The 1st to 6th order modes of the rocket launcher itself can be known by finite element calculation, as shown in Table 2.

Table 2 Modal calculation results of rocket launcher

The natural frequencies of the rocket launcher in the second and third modes are 2.00 Hz and 4.18 Hz, as shown in Fig. 8. In the driving process of the rocket launcher, the frequency of the peak value is different from the natural frequency of the rocket launcher, which avoids the danger of resonance.

Fig. 8

Second and third order vibration modes of rocket launcher

3.2 Ride Comfort Analysis

According to the ISO2631-1 1997 (E) standard, when the peak coefficient of vibration waveform is less than 9, the basic evaluation method-weighted root mean square of acceleration [10] is used to evaluate the effect of vibration on human comfort and health.

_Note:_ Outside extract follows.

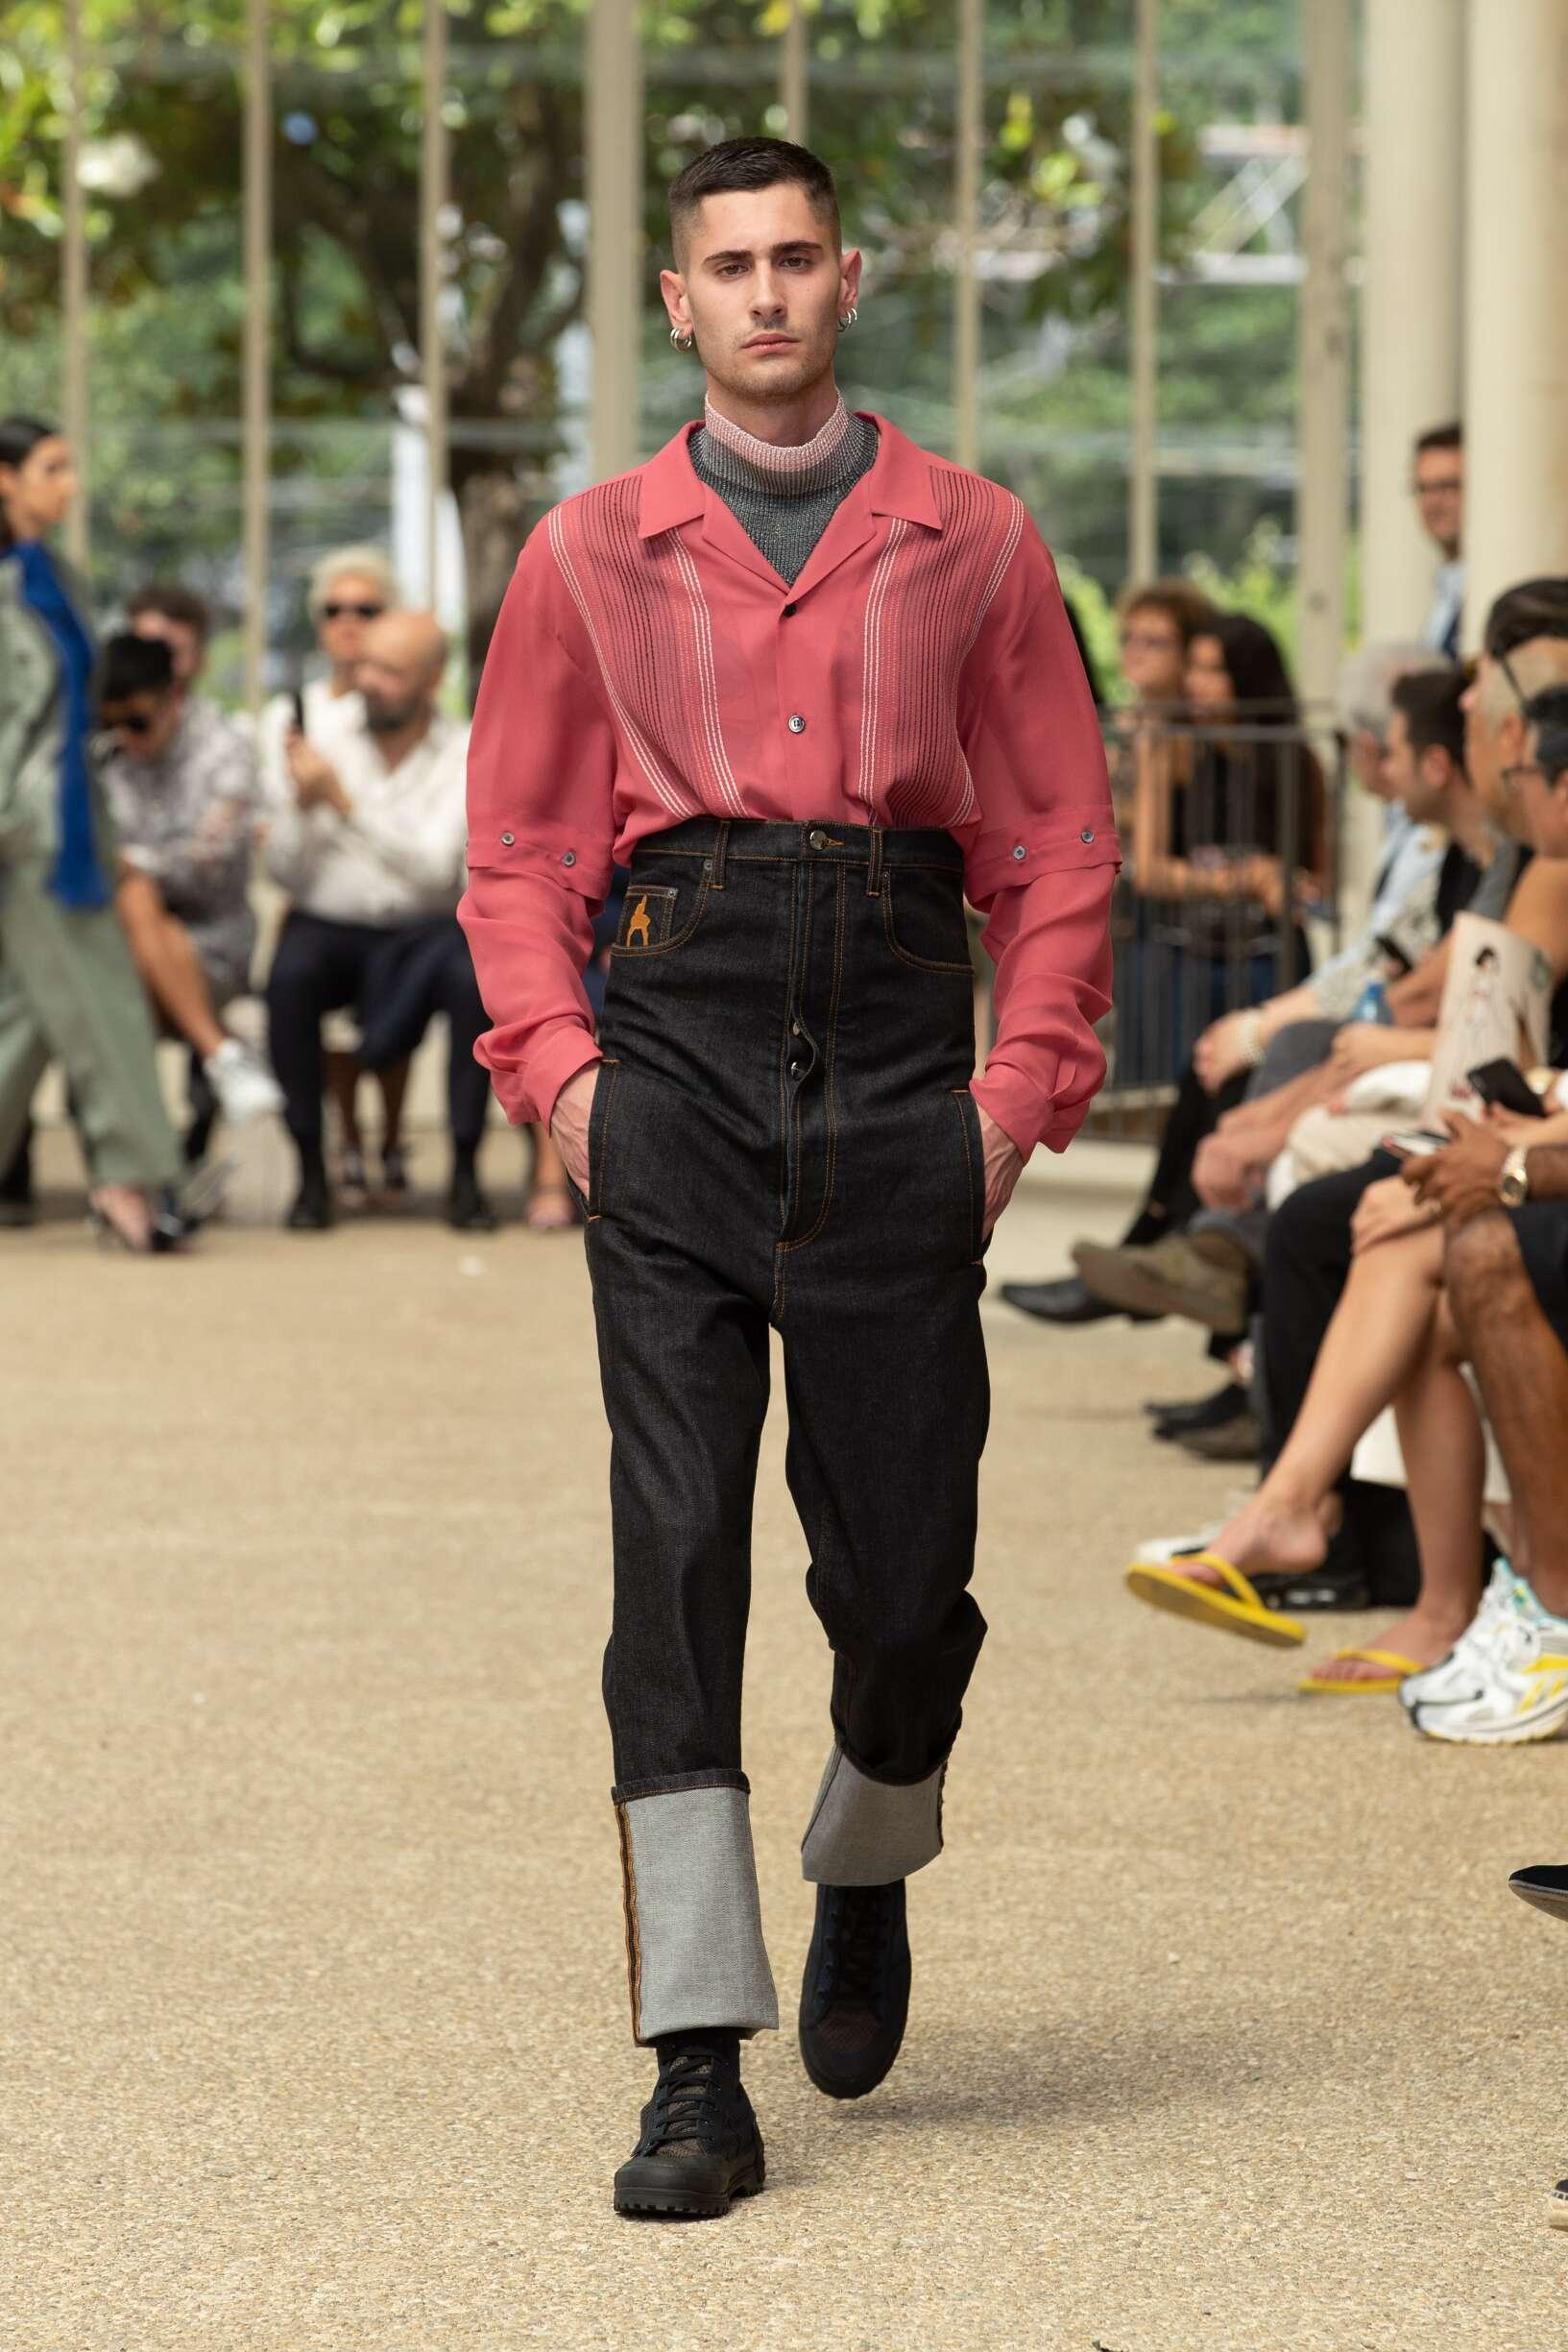 SS 2020 Marco De vincenzo Fashion Show Florence

When using this method, the axial acceleration curve, the power spectral density of acceleration and the root mean square formula of acceleration should be calculated.

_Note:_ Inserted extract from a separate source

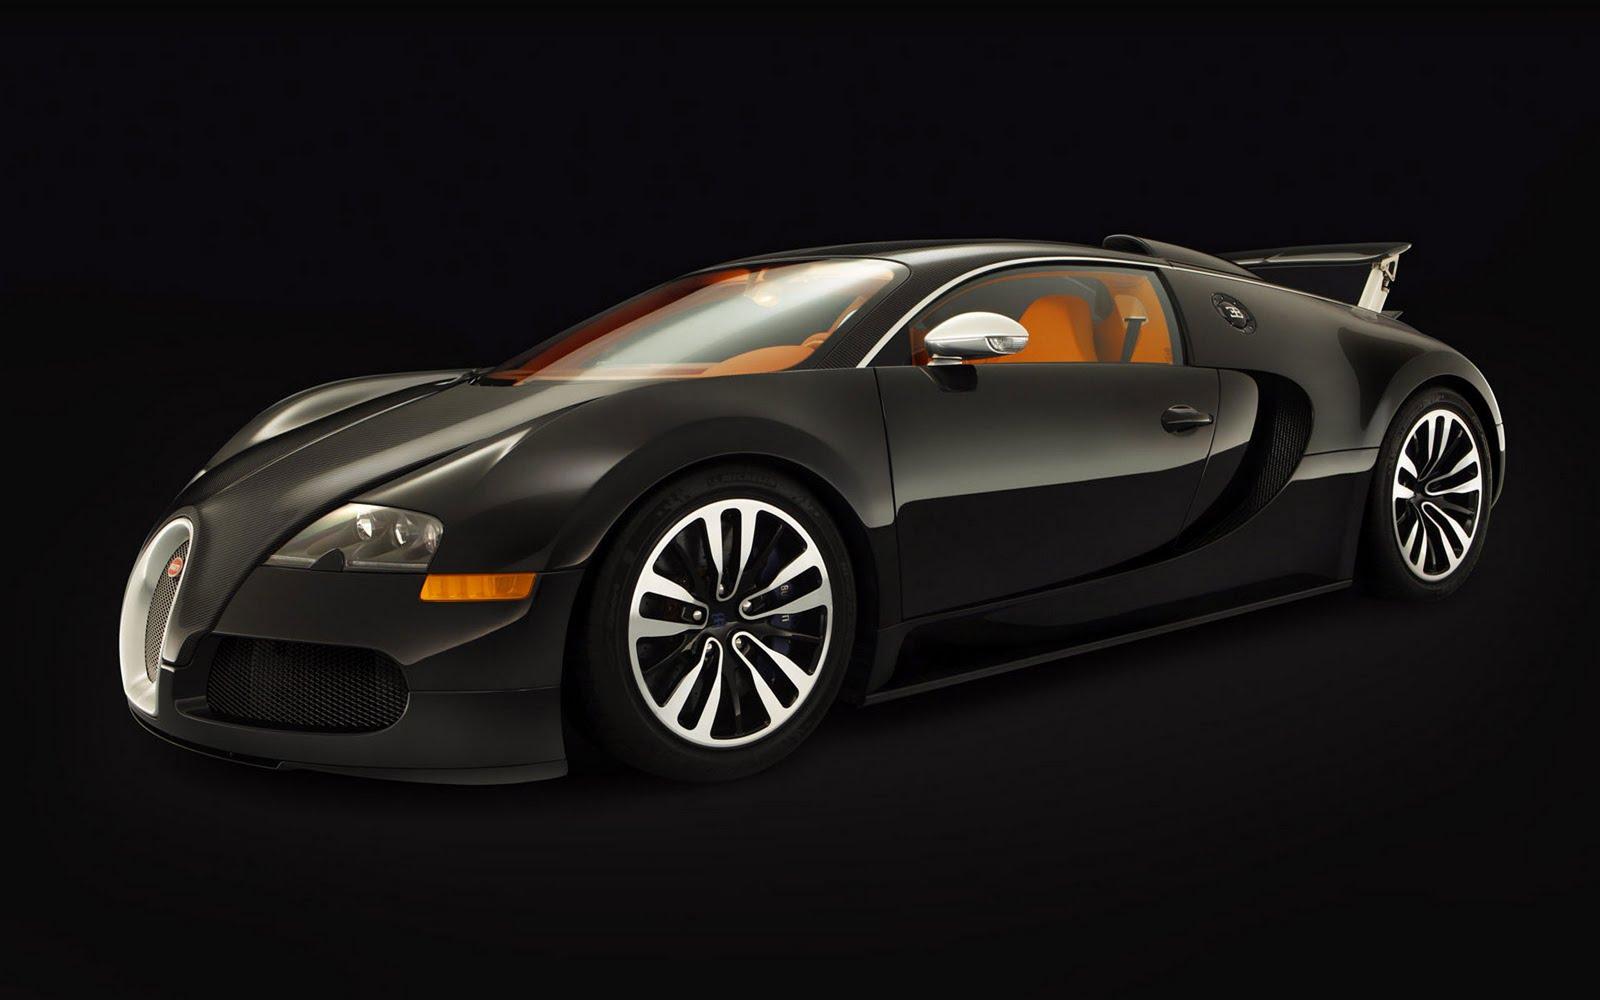 video games gran turismo bugatti veyron. Black Bedroom Furniture Sets. Home Design Ideas

$$a_{w} = \left[ {\frac{1}{T}\int\limits_{0}^{T} {a_{w}^{2} (t)dt} } \right]^{\frac{1}{2}}$$

(5)

When considering three axial vibrations at the same time, the root mean square of the total weighted acceleration of the three axes can be calculated according to the following formula:

$$a_{v} = \left[ {\left( {1.4a_{xw} } \right)^{2} + \left( {1.4a_{yw} } \right)^{2} + a_{zw}^{2} } \right]^{\frac{1}{2}}$$

(6)

In the formula: \(a_{xw}\) is the root mean square of x axis weighted acceleration, \(a_{xw}\) is the root mean square of y axis weighted acceleration, and \(a_{zw}\) is the root mean square of z axis weighted acceleration.

This paper analyzes the ride comfort of the rocket launcher and studies the bad vibration of the rocket launcher at different speeds on the C-class road surface. Table 3 shows the total weighted acceleration root mean square of the rocket launcher base.

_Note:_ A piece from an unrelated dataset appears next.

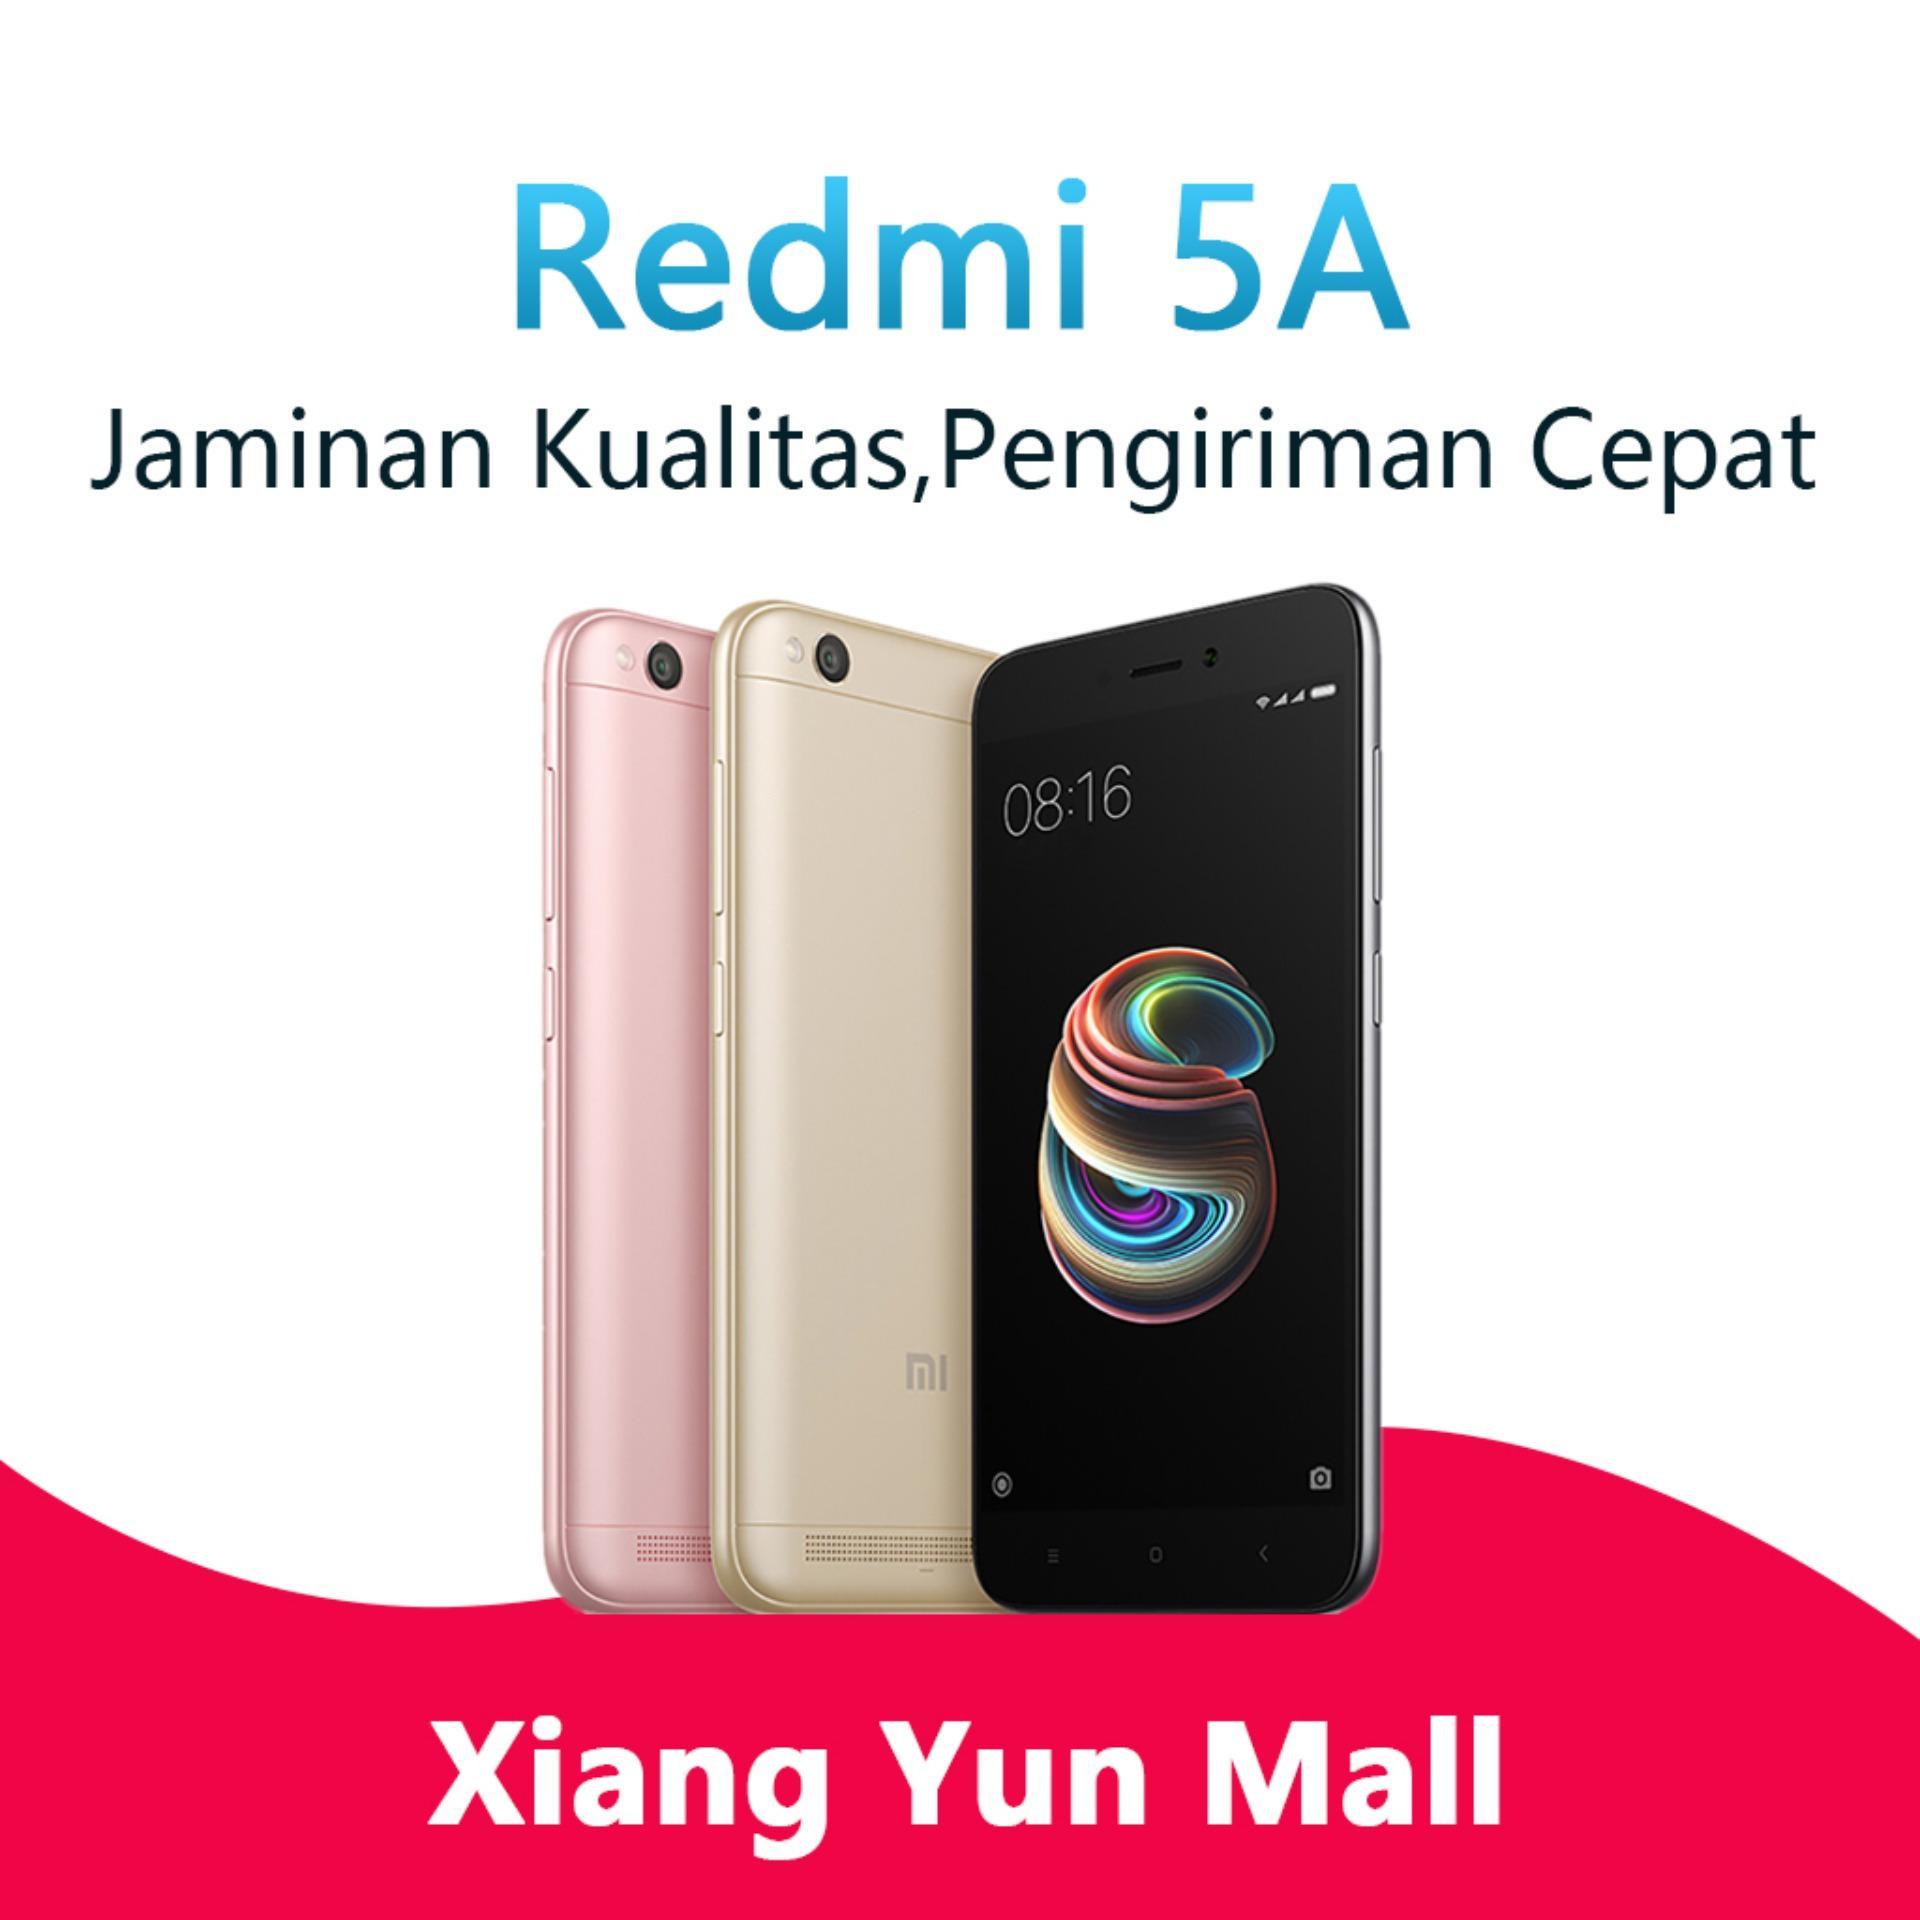 Harga Iphone 6 16gb Gold Distributor 1 Tahun Platinum Lengkap Garansi Thn Xiaomi Redmi 5a 2gb Snapdragon 425

Table 3 Total weighted acceleration root mean square of rocket launcher base

As can be seen from Table 3, with the increase of vehicle speed, the ride comfort of the rocket launcher base becomes worse and worse, but the weighted root mean square of acceleration an is less than the specified value [10] 2.5 m/s². For the rocket launcher structure, the bad degree of vibration acceleration will not affect the rocket launcher parts and electronic components, and can well meet the ride comfort requirements.

4 Conclusion

In this paper, the dynamic model of rocket launcher with plate spring suspension is established, the generation program of C class road spectrum is compiled, and the driving dynamics simulation of the rocket launcher is carried out at different speeds. the vibration acceleration curve of the rocket launcher base in 3 direction and the acceleration power spectrum density curve in z direction are obtained. Through the simulation analysis, we can get the following conclusions:

1. (1)

   The stiffness of leaf spring obtained by reverse simulation method can effectively reproduce its load-bearing characteristics, which ensures the accuracy of dynamic simulation modeling.

2. (2)

   The power spectral density of vertical vibration acceleration of rocket launcher base is studied, and its peak value is mainly between 2.11 Hz and 4.38 Hz. From the point of view of the launching vibration frequency and natural frequency of the rocket launcher, the resonance problem of the rocket launcher can be effectively avoided.

3. (3)

   With reference to the vehicle ride comfort index, the ride comfort of the rocket launcher is studied. The weighted root mean square of acceleration \(a_{v}\) of the rocket launcher under the 60 km/h speed of class C road surface is less than the specified value 2.5 m/s², which provides a reference for the anti-overload and vibration reduction design of the weapon system.